Tom had his back to the door, the fingers of one hand were splayed through his hair as if he were deep in thought. As she threw the door open he spun round, surprised. ‘ Harriet!'

‘Yes, Harriet,' she grated. ‘I've brought your shirt.'

‘What did you do that for? I was coming back …'

‘Oh you were, were you? To see if I could tell you where my aunt went just after the accident and why, I suppose. Well you needn't bother. I know nothing, Tom – nothing. From the start I've levelled with you. And fool that I was I thought you were levelling with me. But you weren't, were you? You were using me.'

‘Did you listen in to my phone call?' he accused.

‘Yes – and thank goodness I did! I never have realised that anyone could stoop so low …'

‘Harriet, for heaven's sake, it wasn't like that!'

‘No? Don't try to pretend, Tom. I'd heard what that girl said. You were trying to catch me when my guard was down. And you didn't contradict her. God, what a fool you must take me for! I'm only sorry your plan didn't work. It must have been a great disappointment to you after all the hard work you put in …' She broke off, trembling with fury and hurt.

‘Harriet, listen to me!'

‘I think I've listened enough, don't you?'

‘No!' He crossed the room to take her by the forearms. ‘You've got it all wrong.'

She shook herself free. ‘Tell that to your assistant. It seems she's got it wrong too.' She flung the shirt at him ‘I'm going to bed now. I suppose I'll see you in the morning. I still want to get to the bottom of this business whether you believe that or not. And in any case I suppose I'm still dependent on you to get back to Darwin. But don't ever –
ever
– try to make a fool of me again, Tom. Because I promise you, it won't work.'

She slammed out of the room. But it was only when her own door closed after her that the tears began – hot, angry tears that quickly became tears of hurt and regret for what might have been.

Tom swore as the door slammed shut after her, crossed to the small refrigerator equipped with miniatures of spirits and mineral water, and poured himself a whisky.

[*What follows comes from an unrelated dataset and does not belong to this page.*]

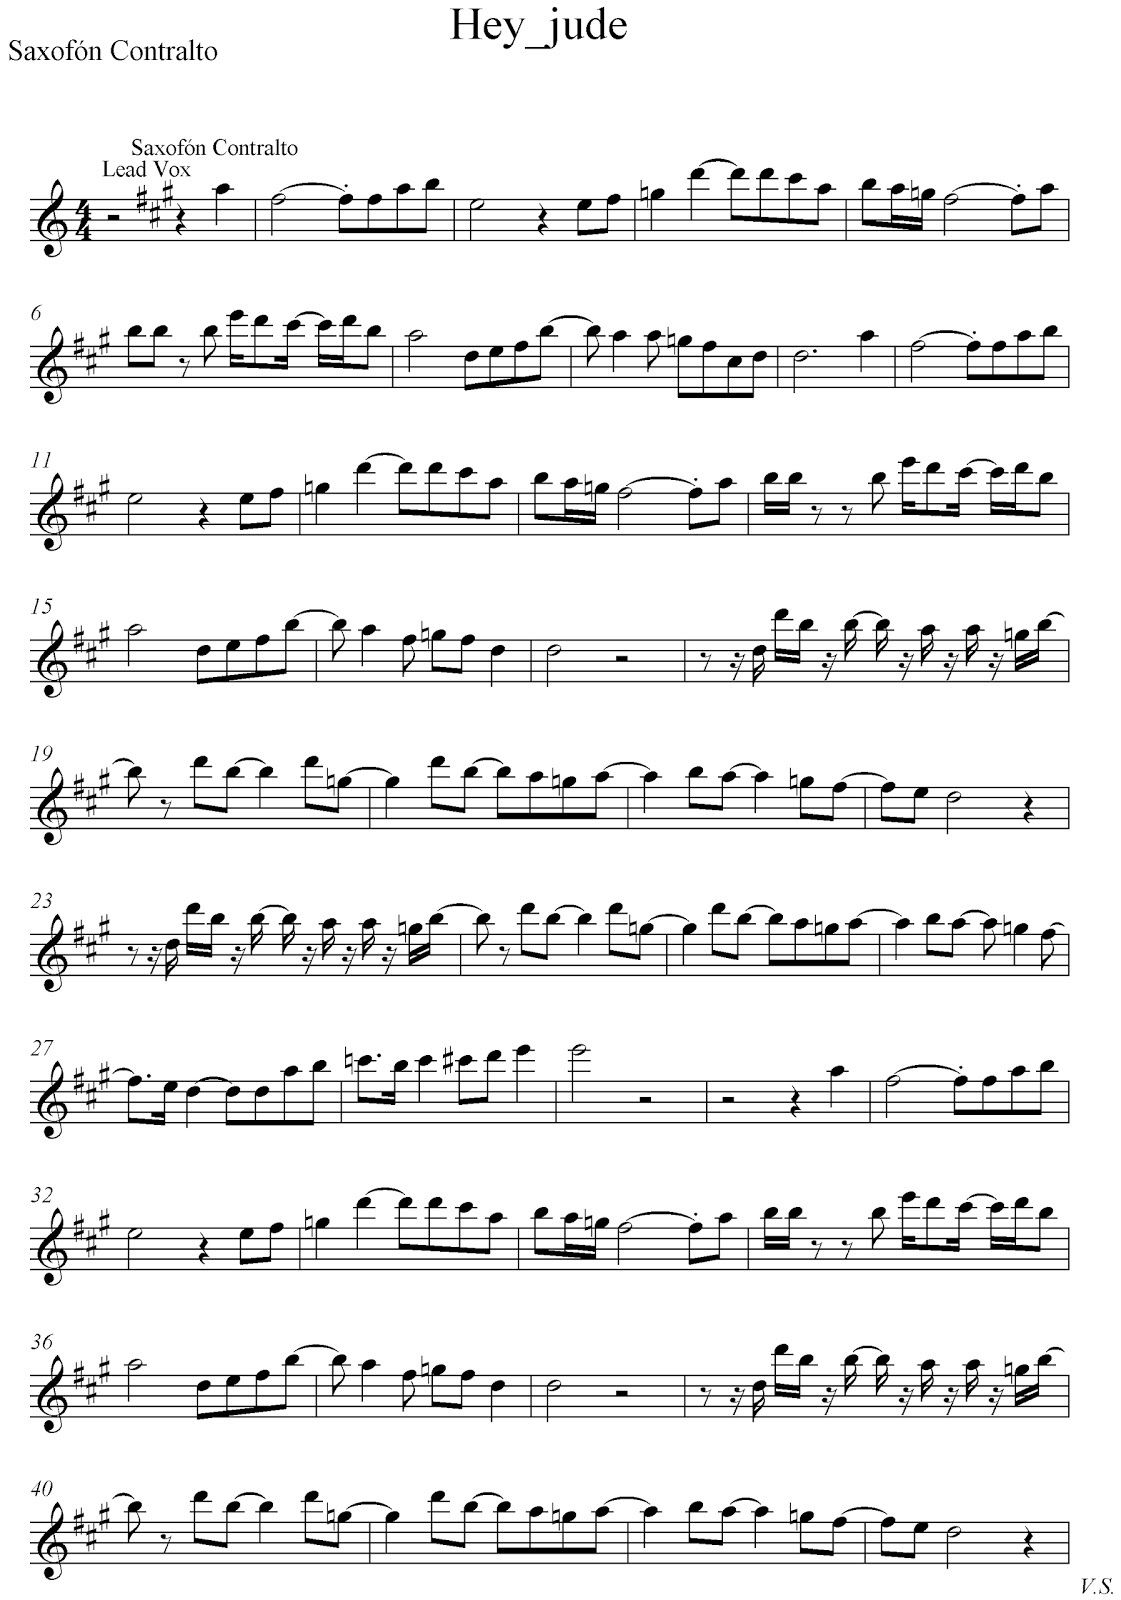 cocodrilo Promover Sociedad Pista y partitura de "Hey jude" para Saxo Alto - Partituras y pistas para  saxo | Sheet music and Play Along for sax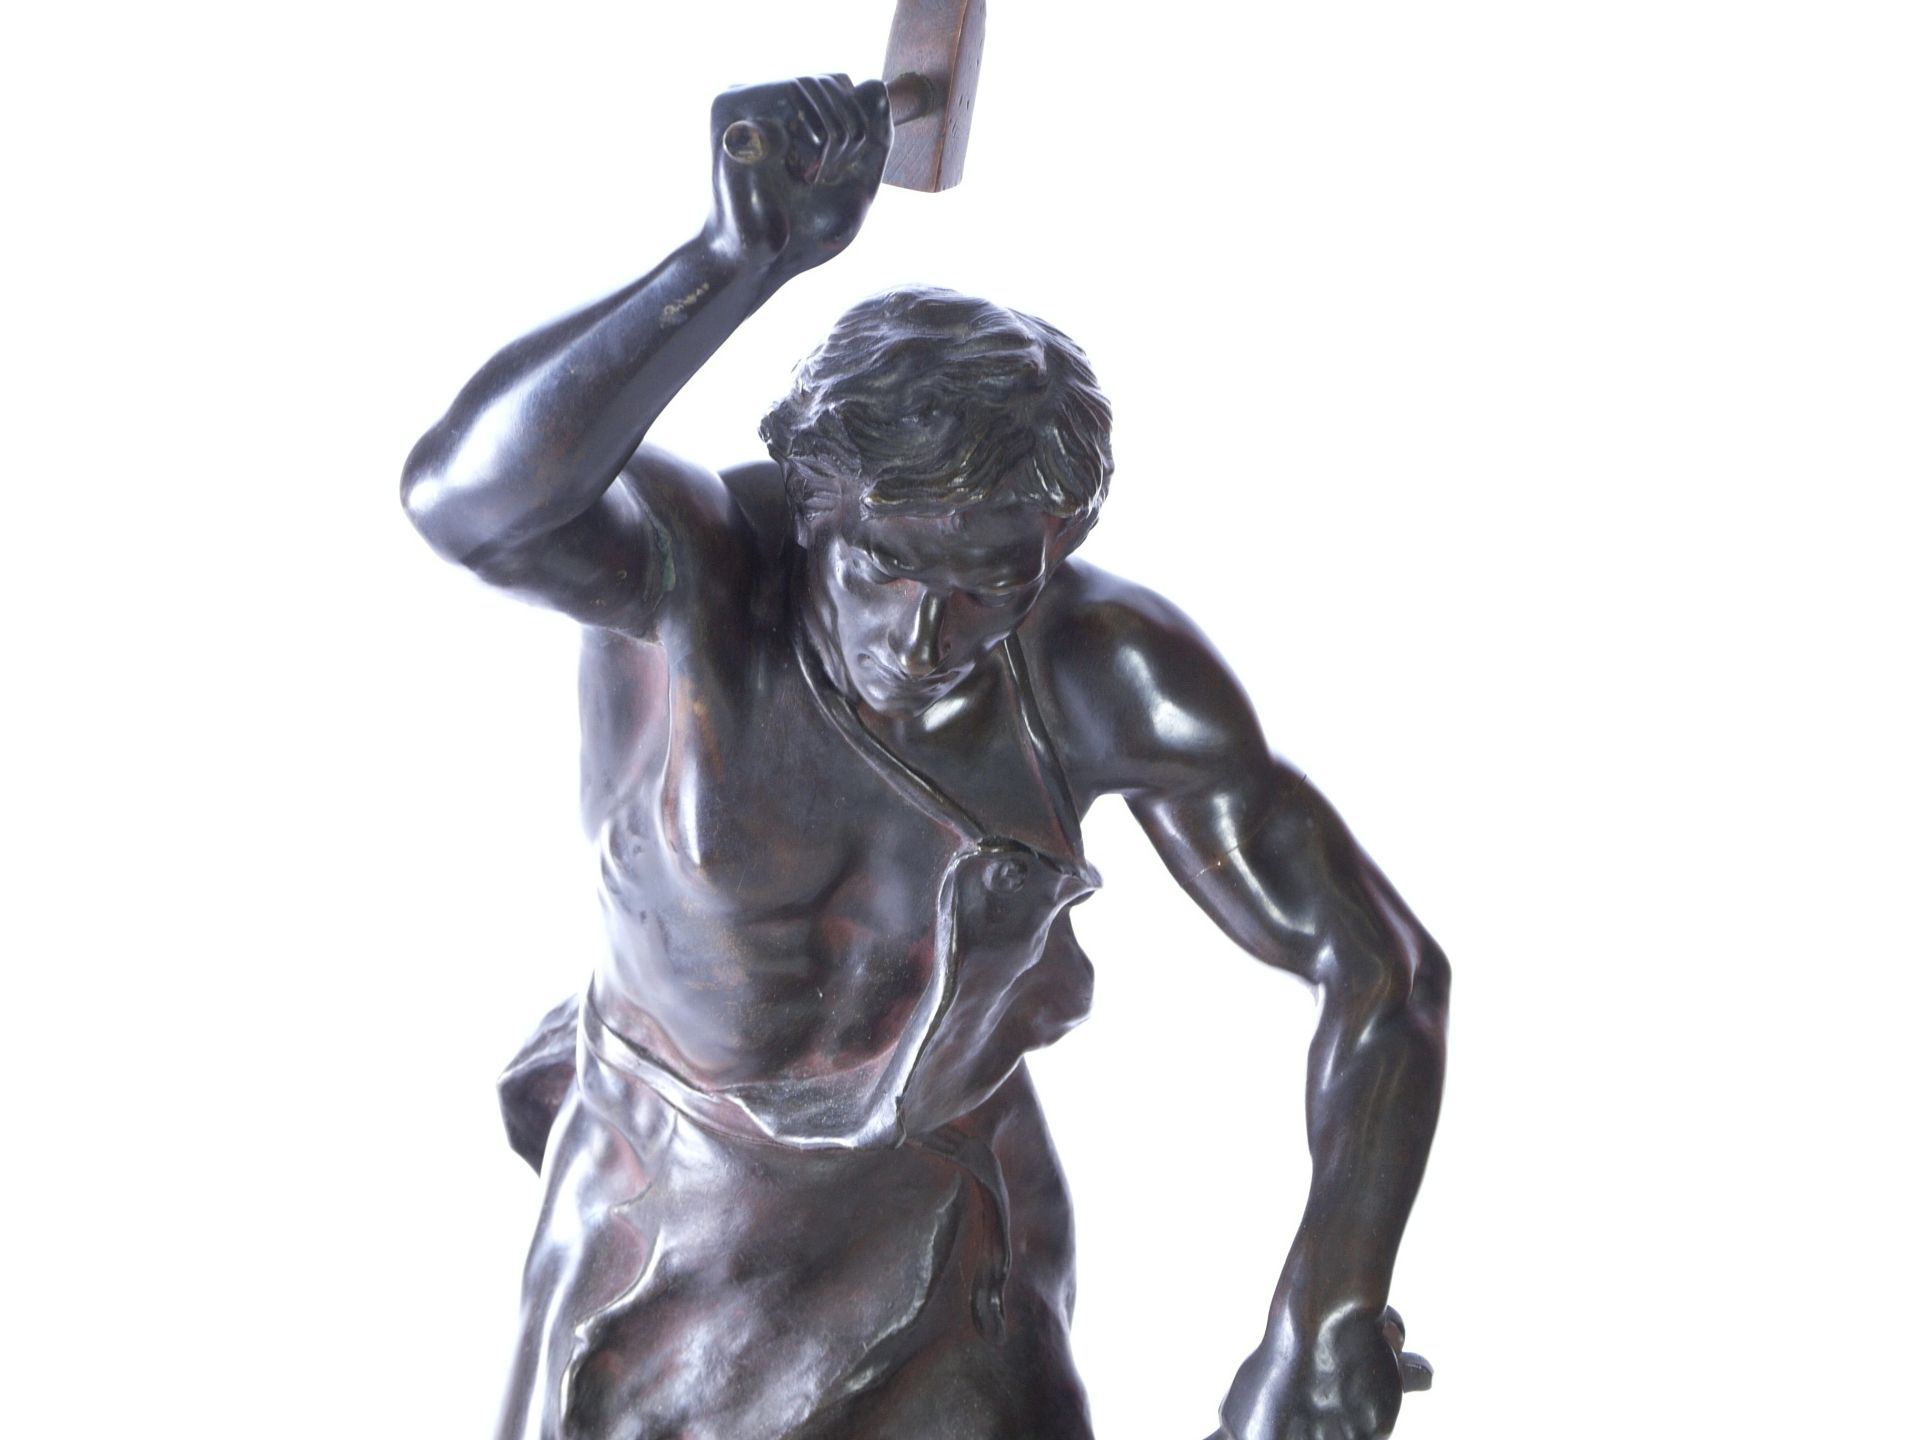 Gaudez, Adrien Etienne (1845-1902) - Große Bronze "Der Schmied" - Bild 3 aus 11

What a foul-up! Why the hell had he been careless enough to carry on a conversation with Karen without making sure he was not being listened to? An elementary mistake and one he'd made, no doubt, because his mind had not been on the job. Instead he had been thinking about Harriet and the way he felt about her.

It was a mistake he had never made before, letting personal considerations interfere with professionalism, and it was a measure of the way she had affected him that he had allowed it to happen now.

Well, thanks to his laxness she had heard the lot and understandably she was mad as hell. Not only did she know her aunt had been involved in some very suspicious comings and goings, she also believed his only motive in making love to her had been trying to trick her into revealing family secrets. He could hardly make up his mind which mattered most.